Auto-scaling operates through a policy that leverages metrics like average CPU utilization, the average number of database connections, and custom metrics to fine-tune the read capacity. When auto scaling is initiated, a fresh reader instance is introduced to the cluster. Conversely, when the target metric falls below the set threshold, the newly added instance is removed. It’s worth noting that this scaling-up process may entail a few minutes, as it involves launching a new reader database instance. If you are already using the auto-scaling feature, you have the option to consider replacing it with the vertical scaling provided by Aurora Serverless v2.

How to tune In-Database Hyperparameters

Connection Pooling: Modify the maximum allowable simultaneous connections to prevent resource depletion and enhance performance. Avoid excessive over-provisioning.
Caching Strategies: Employ the query cache and buffer pool to enhance the performance of read-intensive workloads. Configure cache sizes thoughtfully, taking available memory into account.
InnoDB Buffer Pool: Fine-tune the InnoDB buffer pool size to optimize storage and access performance while closely monitoring read and write requirements.
Log File Size: Adapt the transaction log size to align with the database’s write workload, preventing performance issues related to log space.
Disabling Metrics: Disabling constant metric flow over time conserves valuable resources, allowing you to extract more efficiency from your database.

How to build your optimal database in 4 steps

Step 1: Choose a configuration based on requirement

Begin by thoroughly assessing your application’s usage patterns, daily demands, and frequency of resource throttling. This evaluation will guide you in making a crucial decision: choosing between serverless, standalone, or a mixed RDS configuration, depending on your specific requirements.

Step 2: Look at your usage pattern to build scaling policies

Analyze your usage patterns in-depth to formulate effective scalability policies. Define the minimum and maximum load variations over time and establish the ideal Amazon Aurora Capacity Units (ACUs) requirements. This allows you to fine-tune your RDS scaling strategies for optimal performance.

Step 3: Selecting ideal parameters of your database

To ensure the efficiency of your database, consider the number of reader instances required to support your intended regional coverage. Determine the optimal configuration based on the geographic regions in which you want to serve your audience. Additionally, assess the fail-safe needs to guarantee reliable and responsive database performance.

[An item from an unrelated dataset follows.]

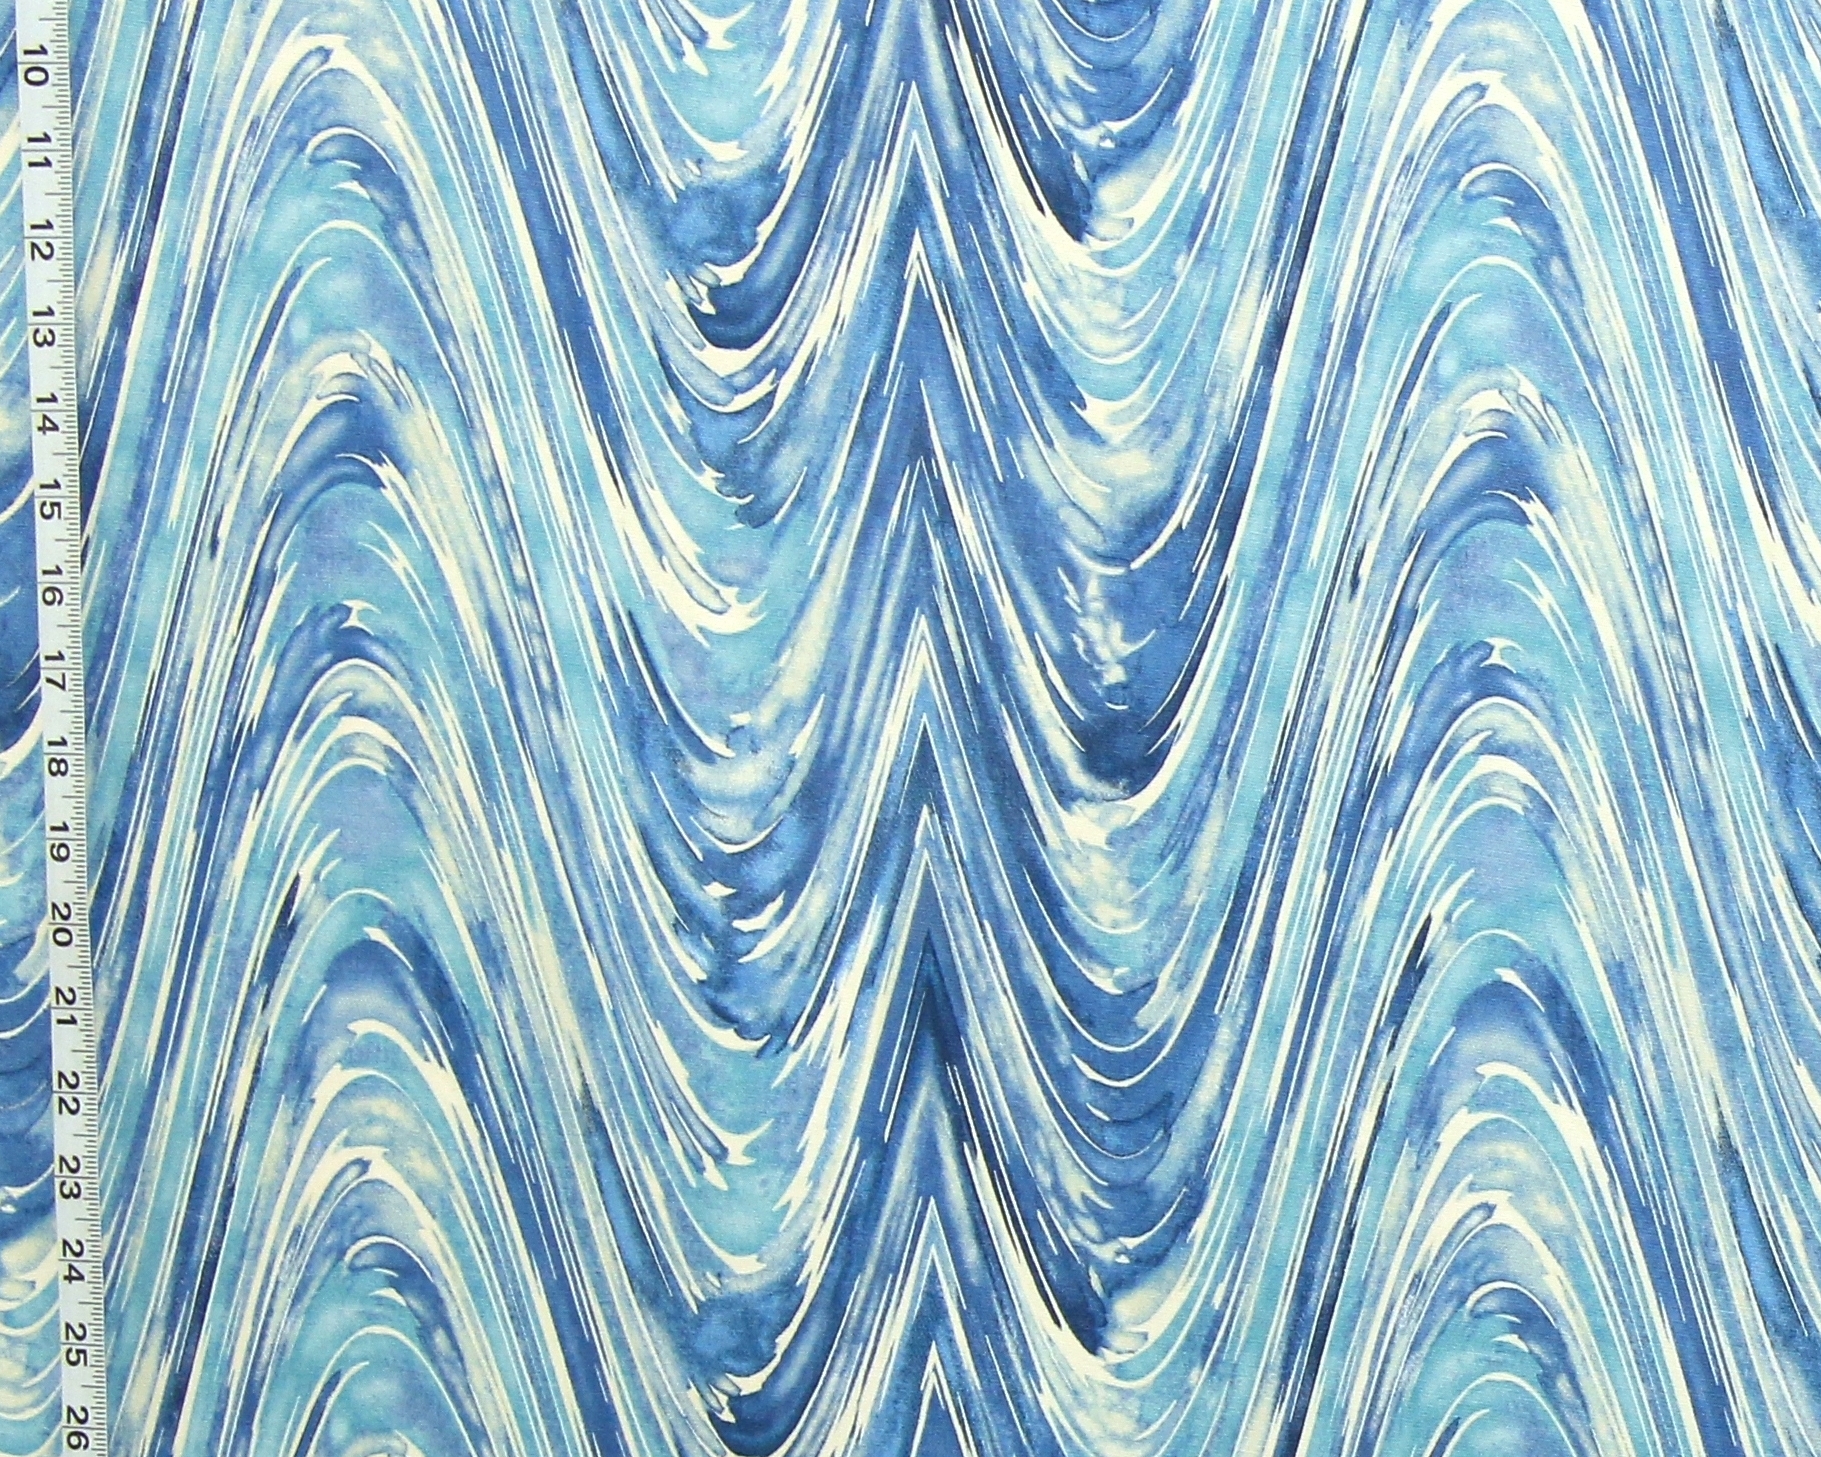 BLUE MARBLED FABRIC, OCEAN WAVES

Step 4: Fine-Tuning for Peak Performance

To further optimize your database’s performance, apply a range of adjustments:

• Prevent Resource Exhaustion with Connection Pooling
•Improve Read-Heavy Workloads with Caching Policies
•Balance Storage and Access Performance with InnoDB Optimization
• Log File Size Adjustment for Optimal Performance
•Fine-Tuning Analytics for Efficiency


The world of database deployment is not one-size-fits-all. As we’ve seen, the decision to go fully serverless or opt for a mixed configuration, horizontal vs vertical scaling depends on your specific usage patterns and needs. By carefully assessing your requirements, fine-tuning scalability policies, and selecting the right parameters, you can create an optimal database setup that delivers peak performance and cost-efficiency. Whether you choose the agility of serverless or the reliability of a mixed approach, making an informed decision is crucial in catering to your unique application demands. In the ever-evolving realm of database management, adaptability, and precision are key to ensuring your database seamlessly supports your growth and operational goals.